Renishaw InfiniAM Spectral Software Monitors Laser Powder-Bed Fusion
The real-time monitoring software enables manufacturers to gather meltpool data for traceable production and process optimization in metal 3D printing.
Renishaw Inc.’s InfiniAM Spectral process monitoring software is intended to help manufacturers overcome the barriers to AM in critical applications, process stability and part quality. Designed for the laser powder-bed fusion (LPBF) process, the real-time monitoring software enables manufacturers to gather meltpool data for traceable production and process optimization.
InfiniAM Spectral is part of a developing family of products that helps users capture, evaluate and store process data from Renishaw LPBF technologies, the company says. The software enables data capture, presentation and analysis, representing a powerful tool for developing a deep understanding of the AM process.
The software offers two measurement functions in the sensor modules. The first module, LaserView, uses a photosensitive diode to measure the intensity of the laser energy. The second module, MeltView, captures emissions from the melt pool in the near-infrared and infrared spectral ranges. These two sensor signals can be compared to help identify discrepancies.
MeltView and LaserView stream data across a conventional computer network on a layer-by-layer basis, so manufacturers can analyze process monitoring data in real-time. As the build progresses, the data is rendered live in 3D for viewing in InfiniAM Spectral. The engineer can compare the data from each sensor to identify any deviations, which may indicate the presence of anomalies that could lead to defects.
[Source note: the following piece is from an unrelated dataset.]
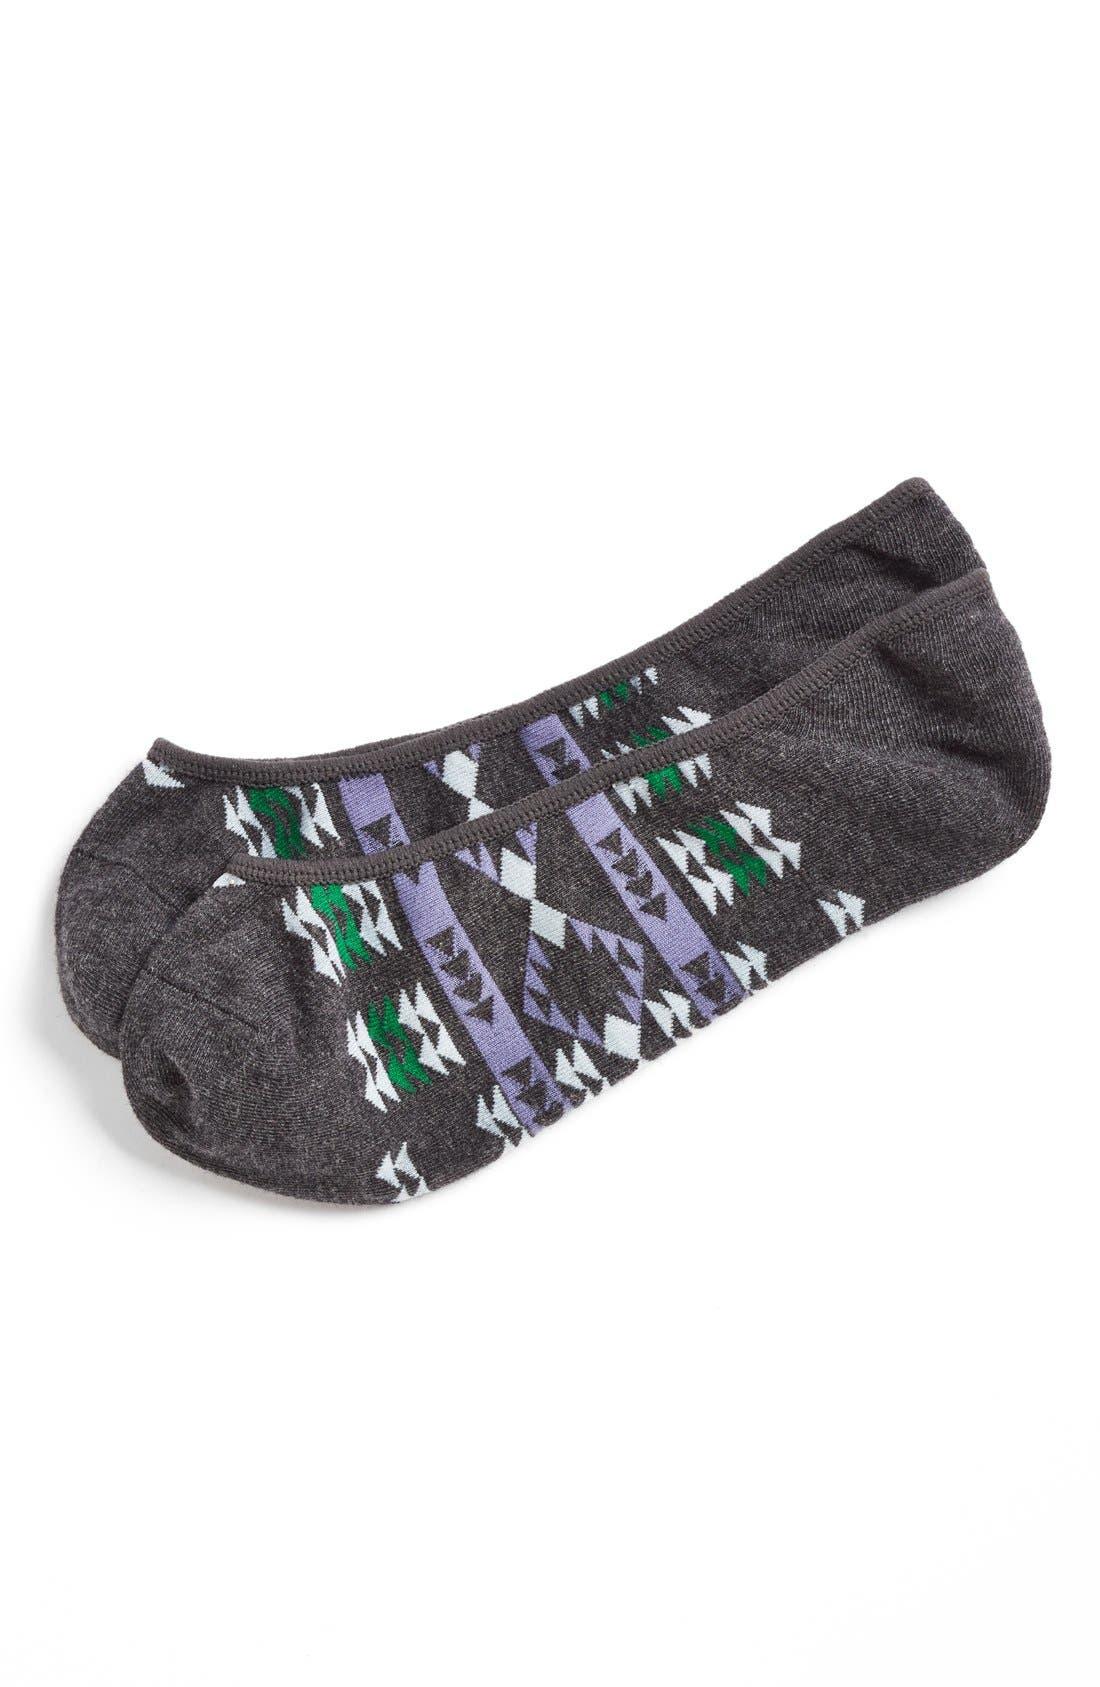 Alternate Image 1 Selected - 1901 Blanket Stripe No-Show Socks

“The amount of process data generated during an AM build is immense, which means it can be difficult to make practical use of it without the correct interpretation tools,” says Robin Weston, marketing manager at Renishaw’s Additive Manufacturing Products Division. “InfiniAM Spectral enables manufacturers to easily interpret data and gain a more detailed understanding of their AM processes. Access to real-time data opens the door to future developments in process control—detecting and correcting problems in real-time.”
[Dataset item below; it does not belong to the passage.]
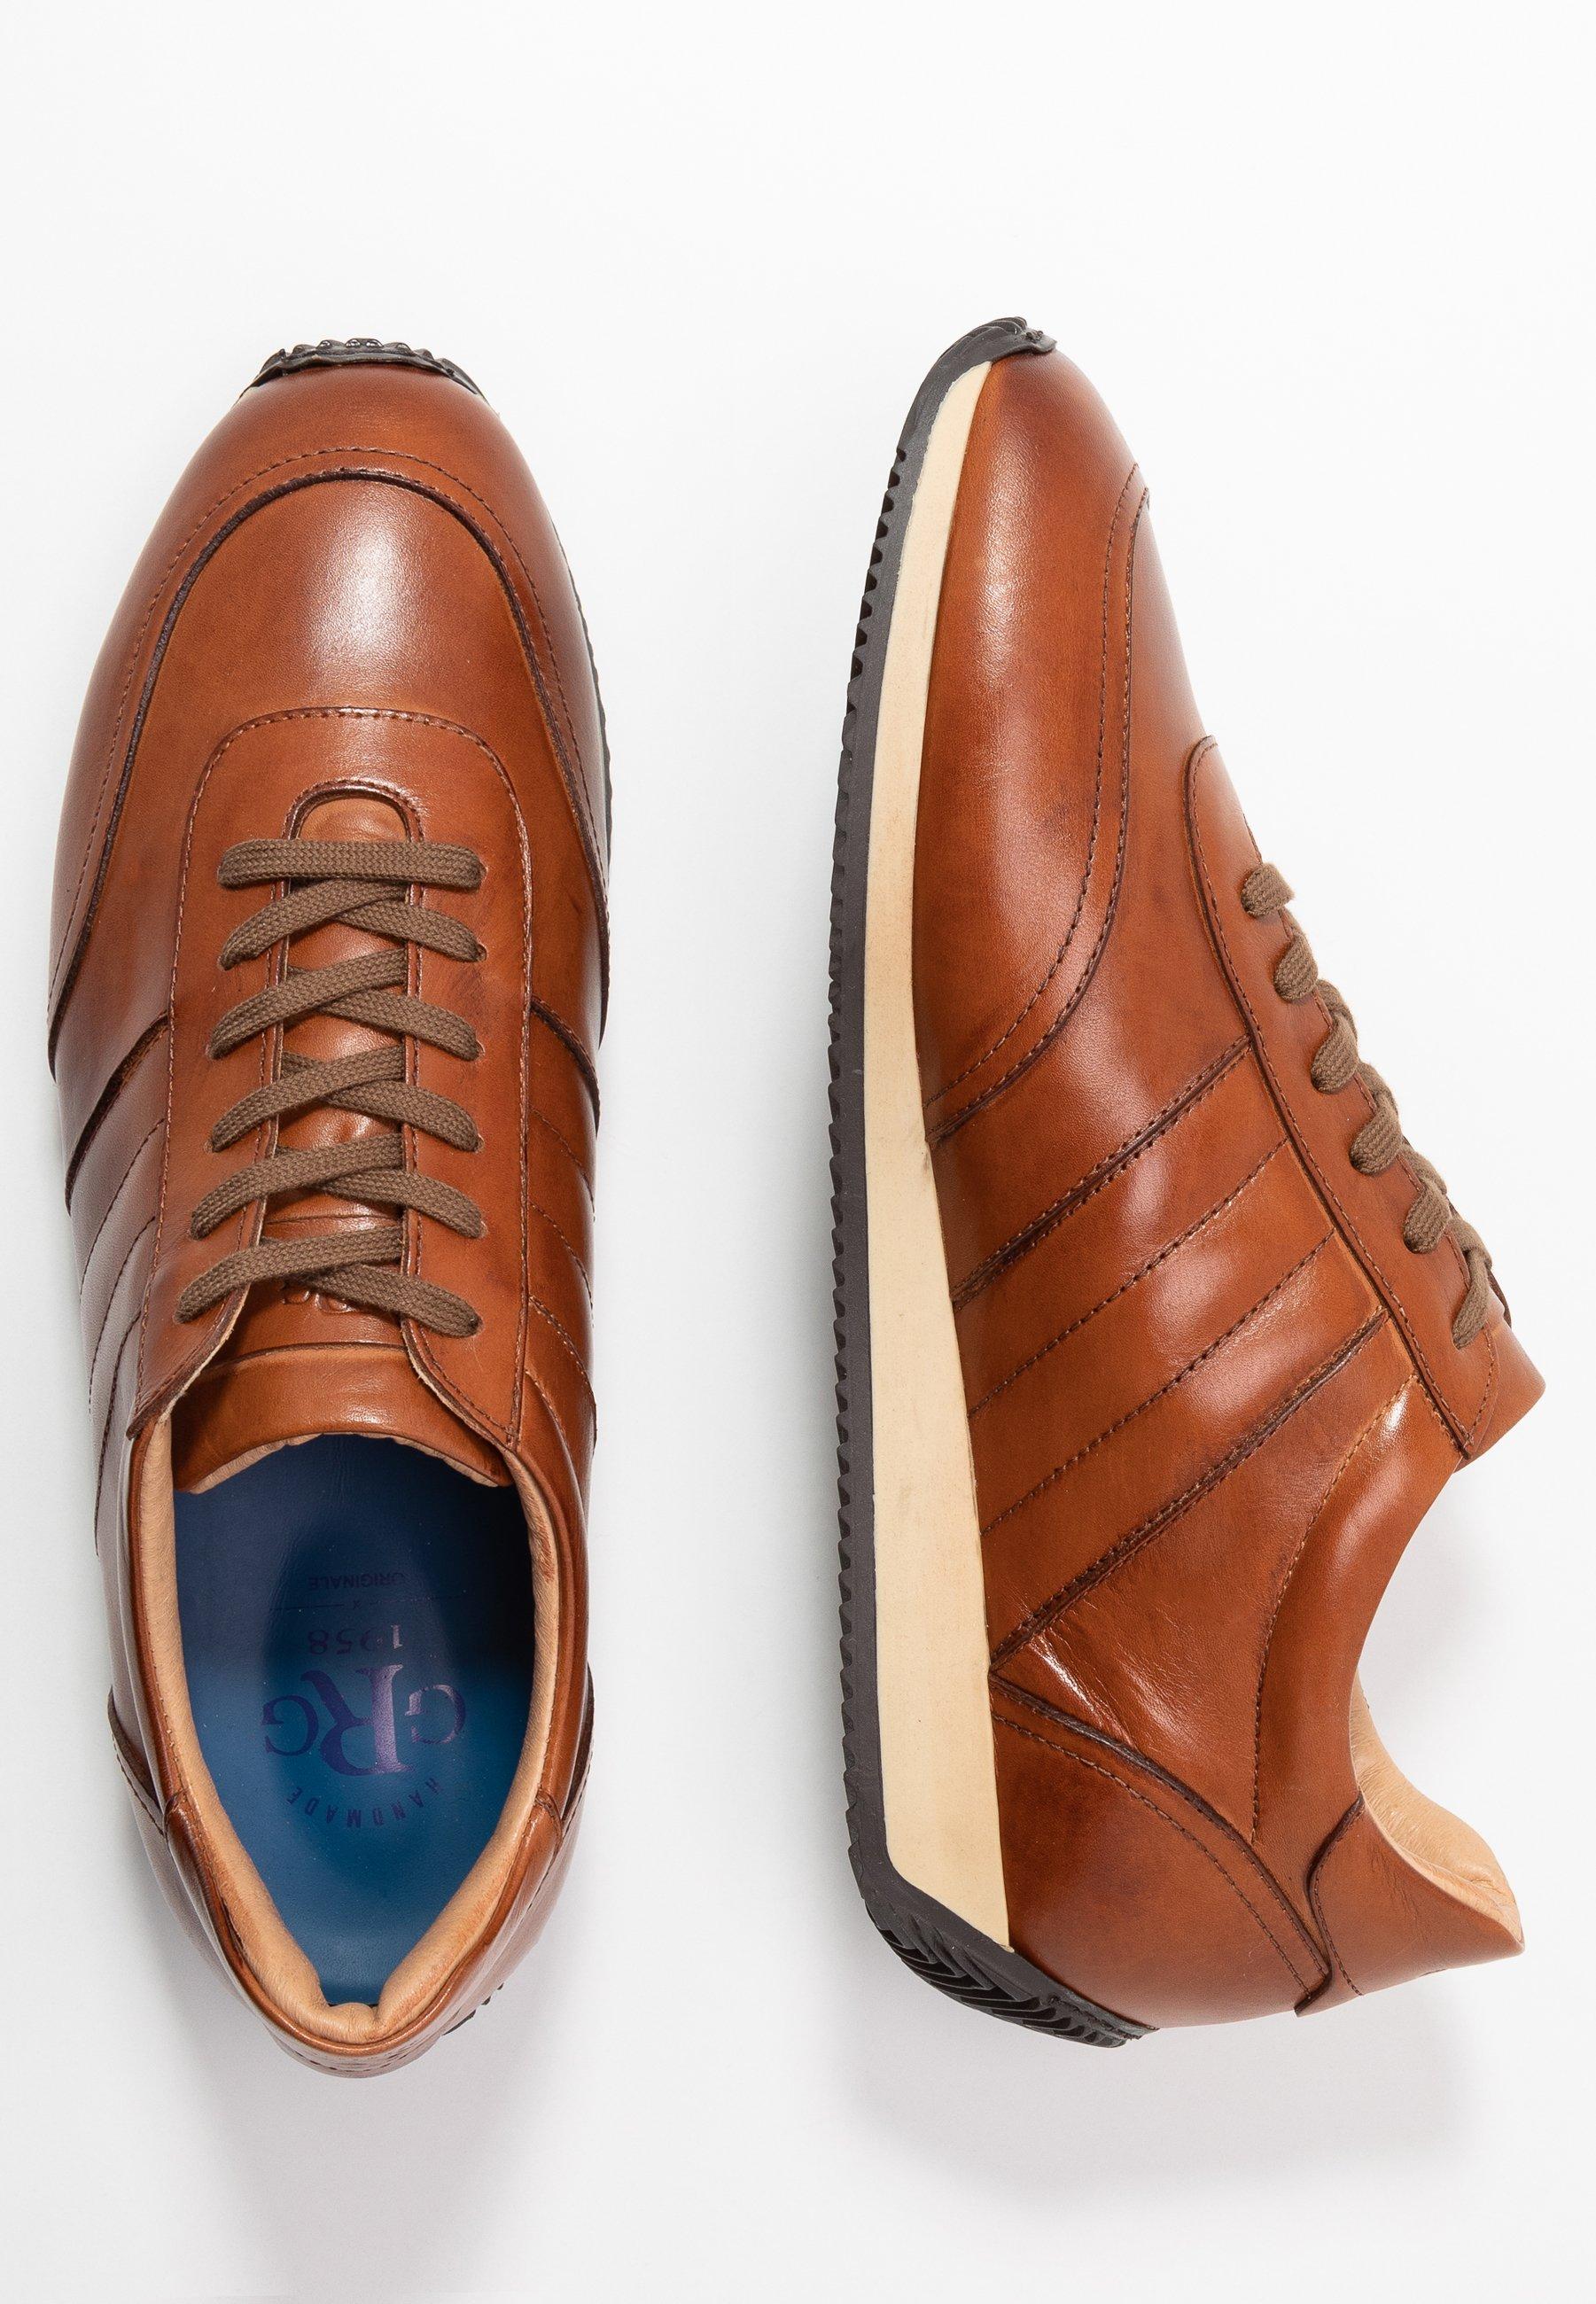 Giorgio 1958 Sneakers - cognac

InfiniAM Spectral will be beneficial to manufacturers producing a series of identical parts in high-value applications. When producing the first part in a series, data from LaserView and MeltView can be compared with existing X-ray or Computed Tomography (CT) data from a known good part. The manufacturer can use this signal data and can compare it against data from subsequent parts to judge quality and consistency, the company says.